Monday 6 January 2014

My first film

To start on a positive note, I've regained the will to live. Yay! For a while there I was wondering if there really was any point to it all and then I finally found my 'point' (or at least the latest in a long series of various 'points' I have aggravated my friends and family with from becoming a civil engineer to joining the US army and becoming a doctor).

This latest idea is not a new one. I had it towards the end of my third year at uni. During that year I was meditating everyday and I had a pretty good handle on what I should pursue to make me happy, as well as what my natural skills were most suited towards. This idea ladies and gentlemen was to become a documentary film-maker.

After I finished uni, I meditated less because I was no longer as miserable and I had for some reason thought that I only need to meditate when I am miserable, as a coping method. But without meditation I lost touch of what I wanted most of all, or what would make me happiest and so because I knew nothing about making documentaries, because I knew no one in the field who could help me, because I didn't have any decent film-making equipment, and because my friends scoffed at the idea, I shelved that idea along with the others.

Here in China I toyed with going for a PhD in Anthropology, then Sociology. Then I stopped toying with any kind of future and tried to live in the 'present'. But because I wasn't meditating, this was pretty difficult to do. Eventually, I was inspired to start meditating again by a little comment I read on a Hindu chanting video that was posted on YouTube. 'No one can hurt you if your mind is trained'. I started remembering other reasons, besides getting you out of misery, that meditation could be useful and the fact that it strengthens the mind and allows you to become the master of yourself, was enough to get me back into it.

So, I was doing a few days of meditation when the idea to make documentary films resurfaced. This time, I didn't let the fact that I do not have very good equipment stop me. I found a stick that I picked up from under a tree (originally intended for unclogging my Chinese toilet when the poo just got too much) attached it to my little point-and-shoot (but indestructible - this thing can survive deserts, snow, water, being thrown off tall buildings...) camera with a number of elastic bands, and off I went. I was going to make a short documentary film, but I didn't know what it would be about. All I knew is that I would film interesting things and worry about putting it together later.

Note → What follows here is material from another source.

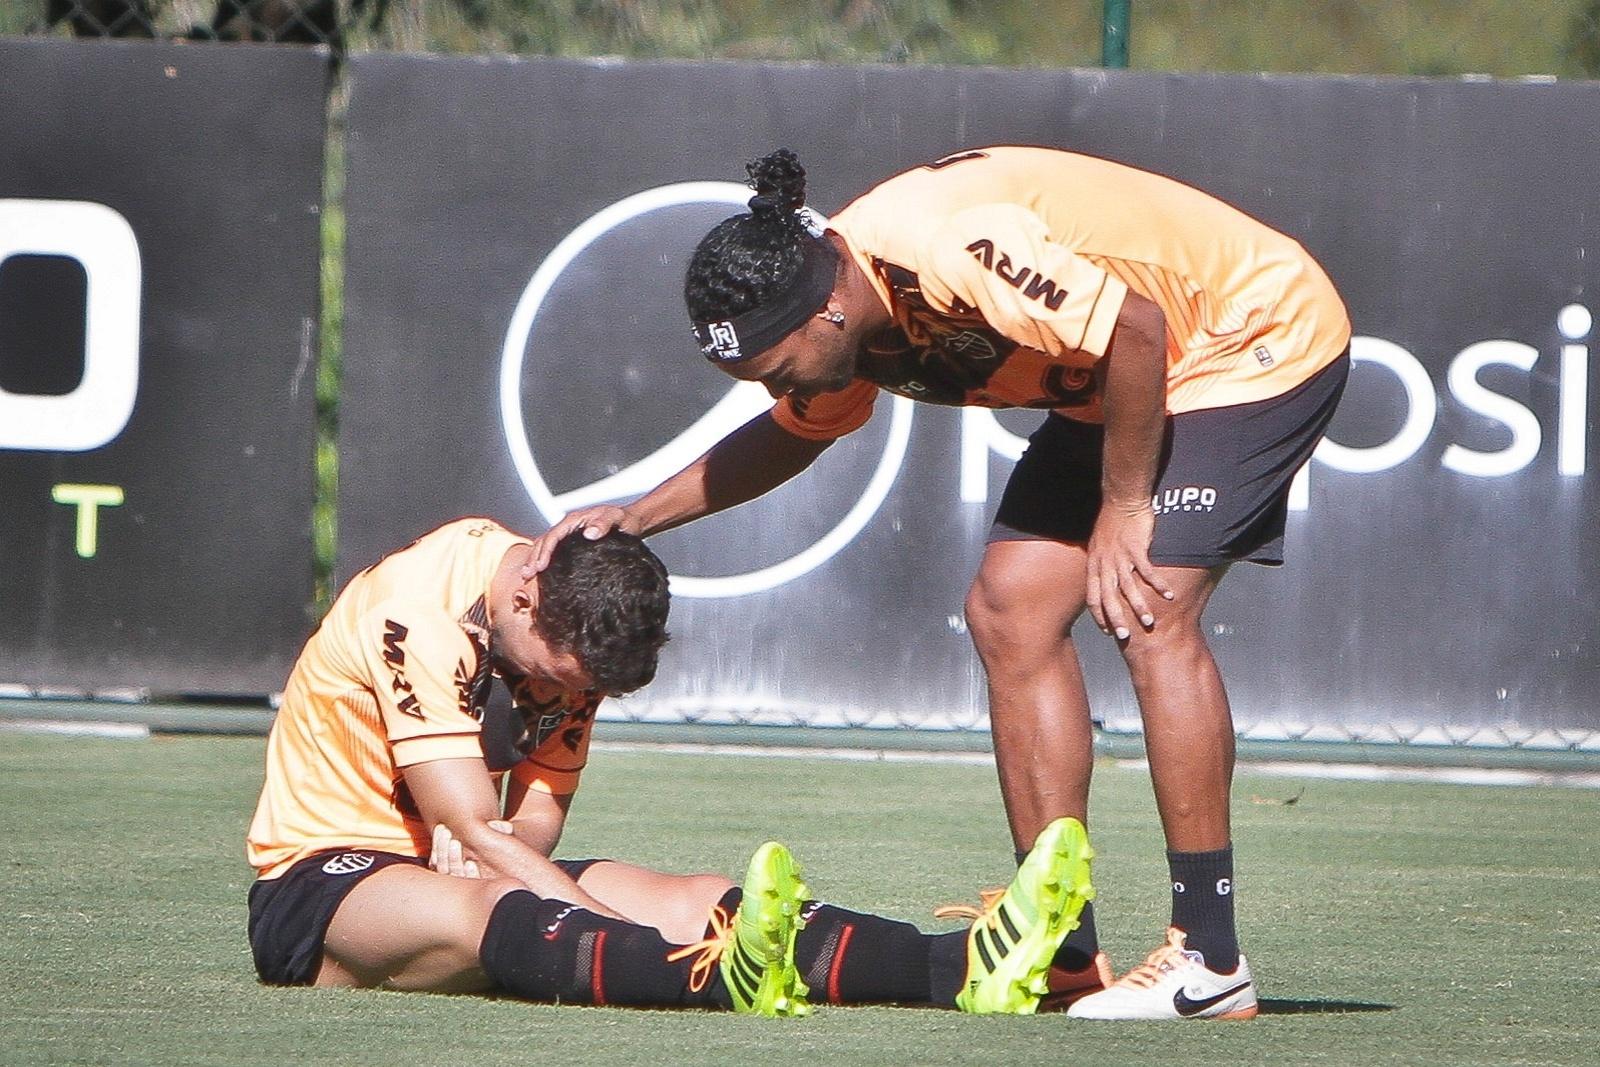 3 fev 2014 - Ronaldinho Gaúcho verifica a situação de Fillipe Soutto, que deixou o jogo-treino do Atlético-MG com suspeita de fratura no braço direito

[I'd like to interrupt this riveting read with a small observation. When I have food ready to eat, I NEVER do anything that doesn't involve me directly eating said food. The fact that I am here on this computer, typing this blog post shows a marked change in my character of late. I have noticed that the intensity of my obsession with food is positively correlated with how miserable I am, so this lessening of food-obsession is happy days indeed.]

A woman selling dried flowers for making tea
I am on the far left, dressed in a red coat and green trousers (not Santa Claus). Reminded me of standing in Times Square and being filmed on the big screen.

My travels took me to the 2 main areas in Jinan, Quancheng Square and Daming Lake. I got a few clips, strung them together in Windows Movie Maker, added the theme song from the Office and voilĂ . My second film was born (the first one I made when I lived in Egypt for 8 months. But sadly I think I lost that one. It's particularly sad because it had footage of my grandmother who passed away in February).